We interviewed approximately thirty researchers from universities and industry, as well as a number of representatives of reserach organizations. Practically everyone was of the opinion that coordination of research and development in the area of language and speech technology is currently practically absent in the Netherlands and Flanders. This has a number of undesirable consequences, especially for the development and distribution of resources. First, as most of the development of resources takes place within reserach projects with funding for limited periods of time, maintenance of resources after completion of the project is practically impossible. For instance, it is currently unclear how the CELEX database will be maintained in the near future. Second, the development of resources is often intended for use within a specific project. The use and distribution of resources outside the project is often not taken into consideration properly, and thus several potentially interesting resources cannot be used. Third, collaboration on language and speech technology in which both the language as it is spoken and written the Netherlands and as it is spoken and written in Flanders is taken into consideration, is rare. Sometimes this cooperation can be achieved within a European context (as was the case for EUROTRA, with a group based in Utrecht (NL) and Leuven (B)). Another example of collaboration is the Dutch-Flemish development of a spoken language corpus.

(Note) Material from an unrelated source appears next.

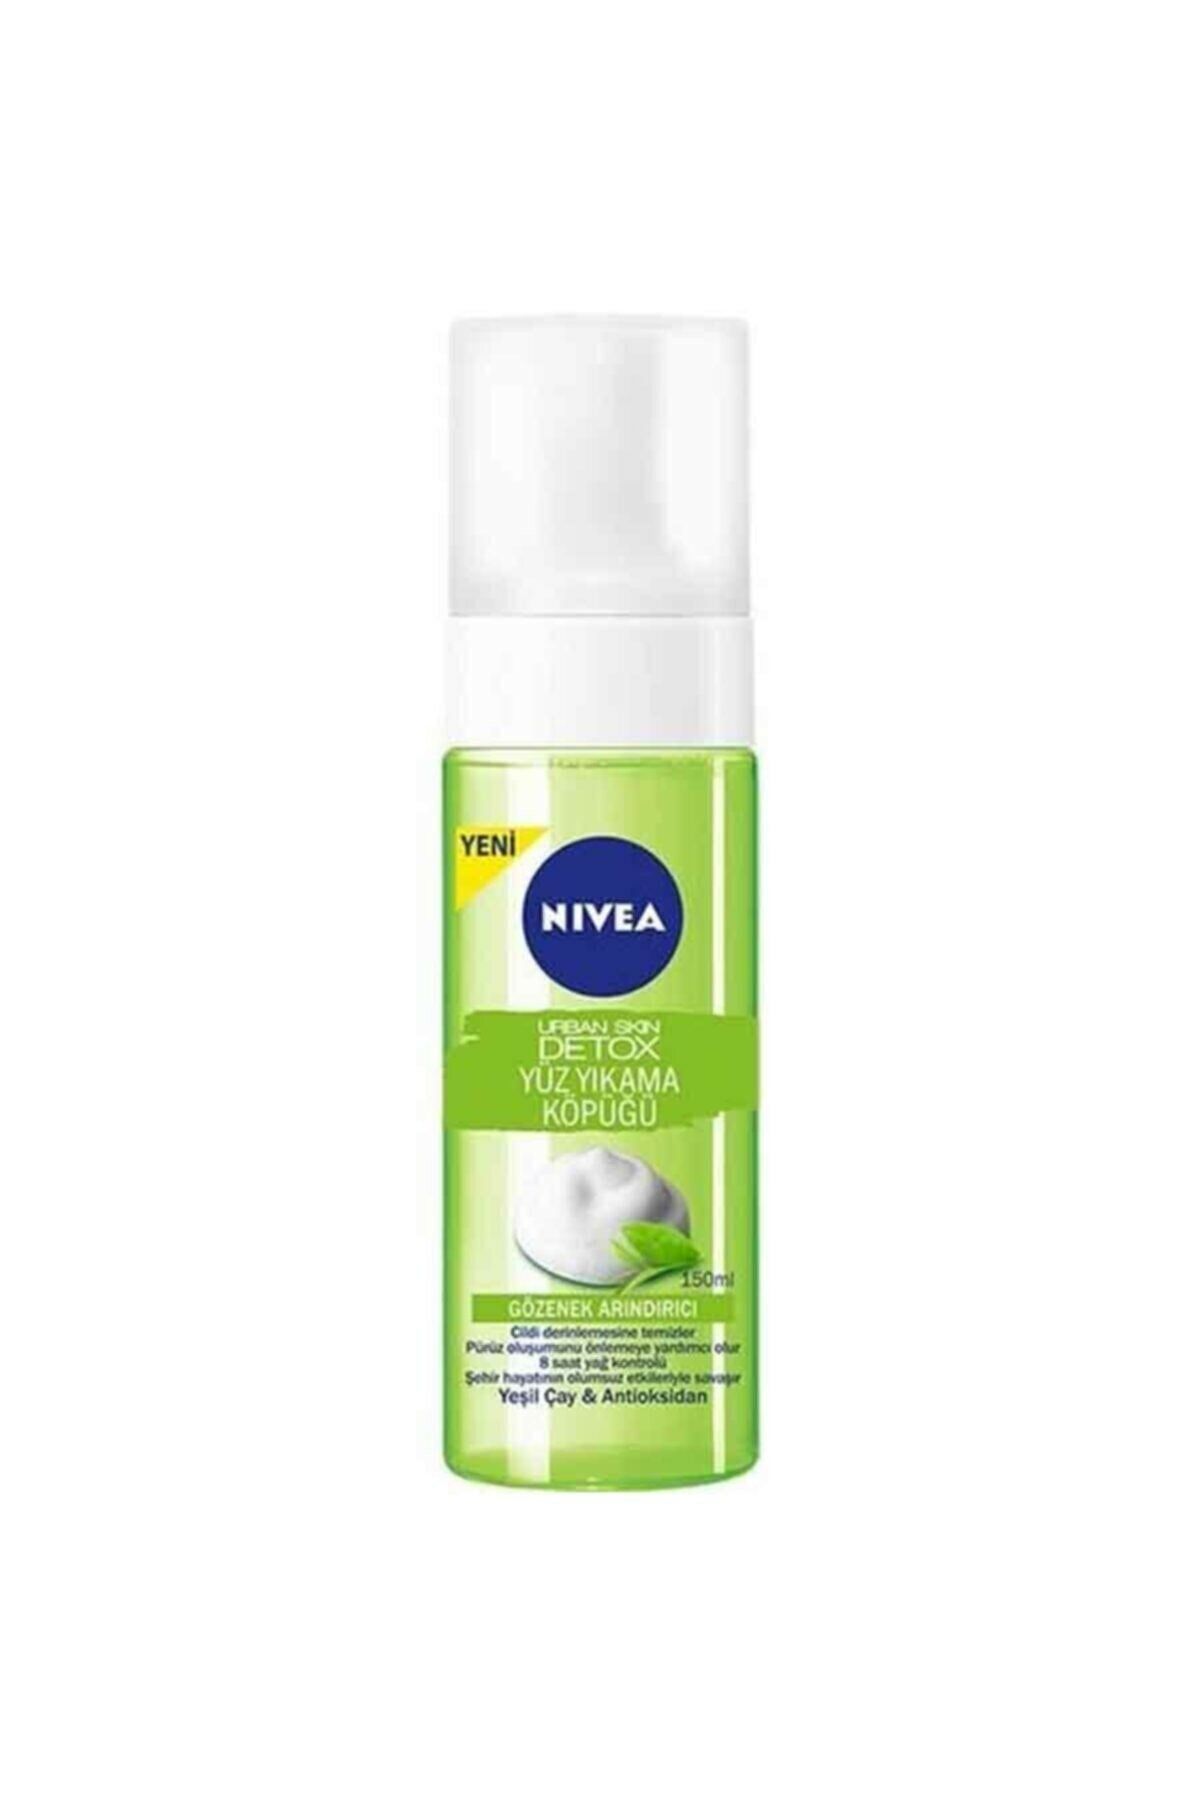 NIVEA Urban Skin Detox Yüz Yıkama Köpüğü 150 ml

Such collaboration is incidental, however, and opportunities for collaboration are clearly missed. One example is the Dutch NWO priority programme on language and speech technology and the Flemish short term programme for speech and language technology, which were initiated and carried out independently. Another example concerns a recent program for Dutch-Flemish cultural cooperation (initiated by the Vlaams-Nederlandse Comité voor Nederlandse Taal en Cultuur (VNC), which stimulates collaborative research on language and literature. Language and speech technology projects appear to be outside the scope of this program.

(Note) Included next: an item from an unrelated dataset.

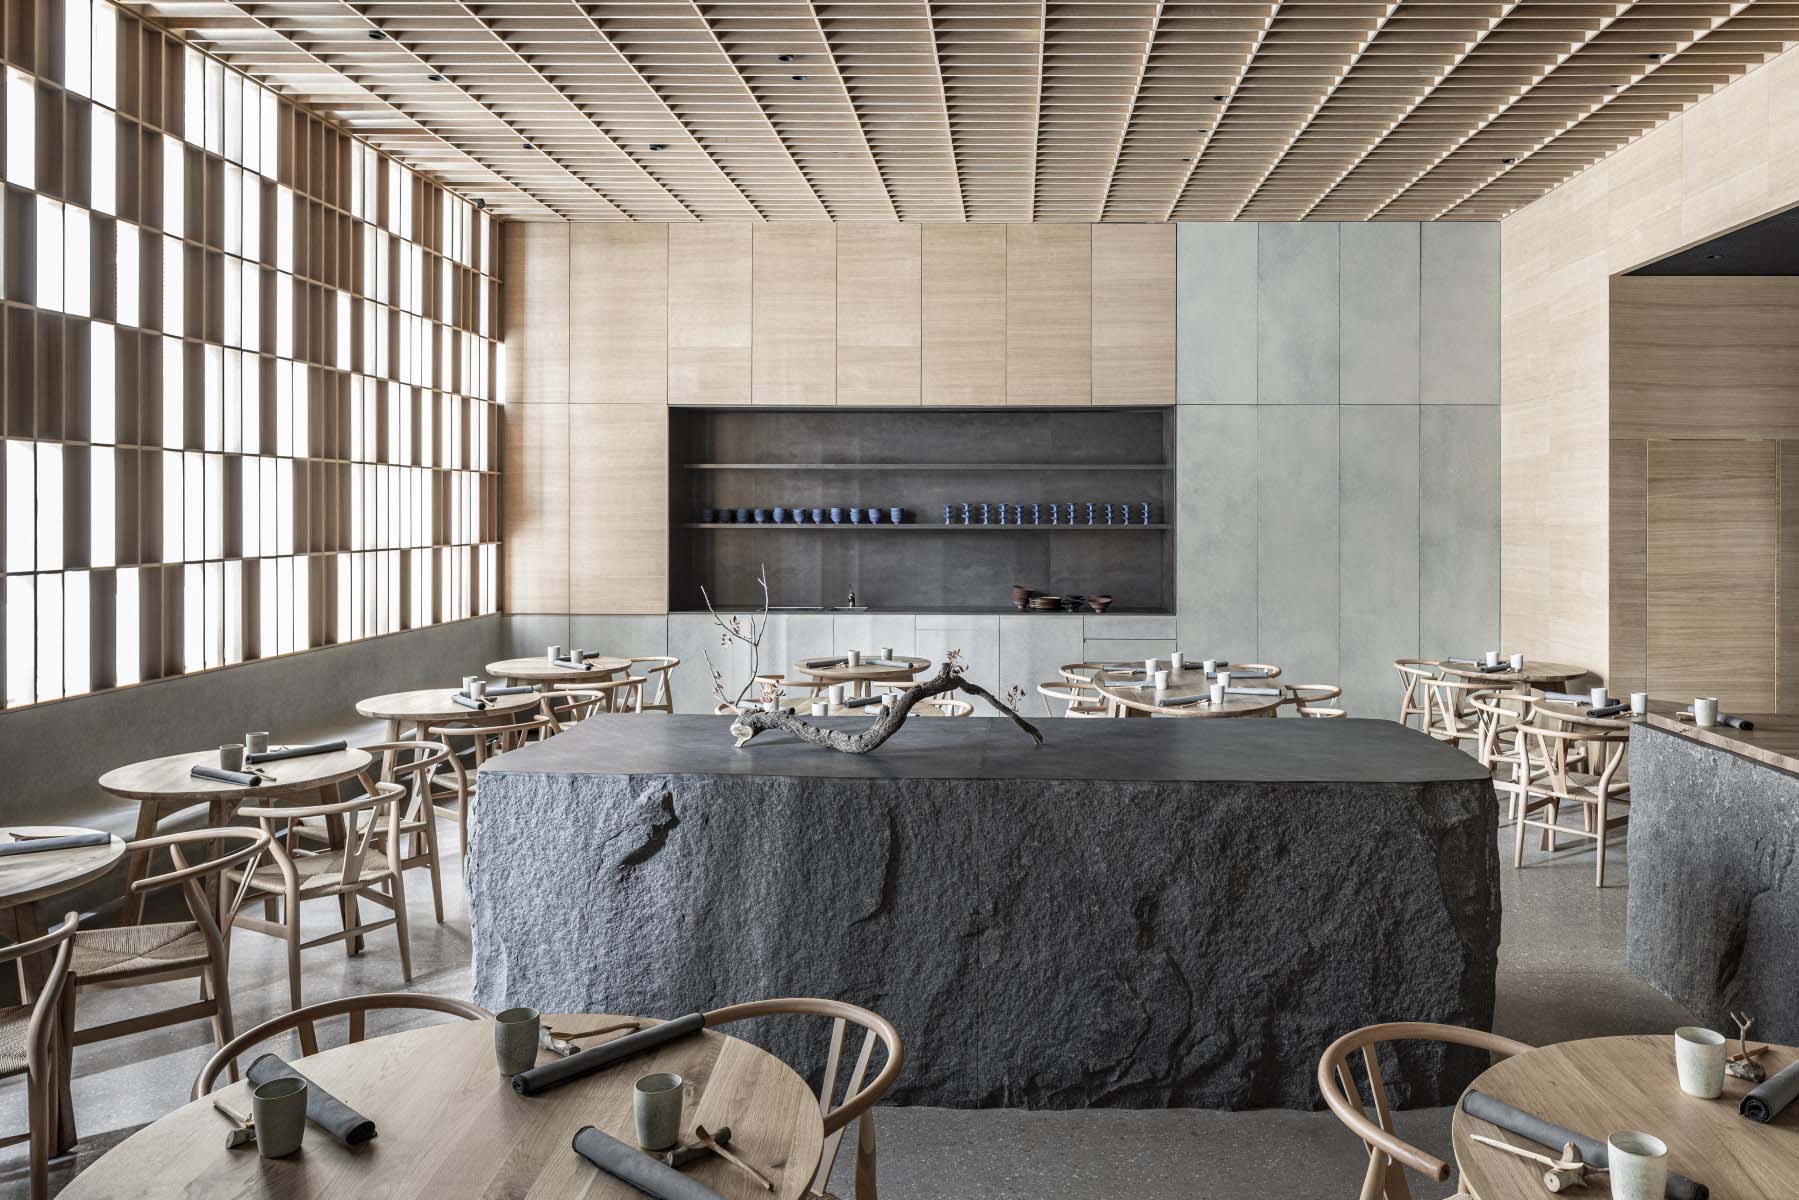 餐廳設計,國外餐廳設計,餐廳設計案例,Pitsou Kedem Architects,以色列,HIBA私享餐廳,HIBA Restaurant,Avital Shenhav-Shani

Finally, the CELEX project has been carried out as a national (Dutch) initiative. A seperate effort (FONILEX, see bach.arts.kuleuven.ac.be/fonilex/) was required to provide a pronunciation dictionary for Flemish. Other aspects of the Flemish vocabulary have not been accounted for, however.
The situation for language and speech technology contrasts with that in more traditional areas of linguistics. The INL ( Instituut voor Nederlandse Lexicografie) is a leading institute for lexicography and is funded by the Dutch and Belgian government. The NTU has actively promoted the development of dictionaries (such as the bilingual dictionaries under development by the Commissie Lexicale Vertaalvoozieningen) and grammars (such as the ANS) by teams in which both Dutch and Flemish partners cooperate.
The NTU could play an important role as coordinating institution for language and speech technology in the Netherlands and Flanders. As an intergovernmental organization responsible for language policy, it is capable of coordinating between initiatives on both sides of the border. As an organization which has been actively involved in the development of dictionaries and grammars, it should also be capable of stimulating the development of electronic linguistic resources, as well as ensuring the maintenance and distribution of these resources over longer periods of time.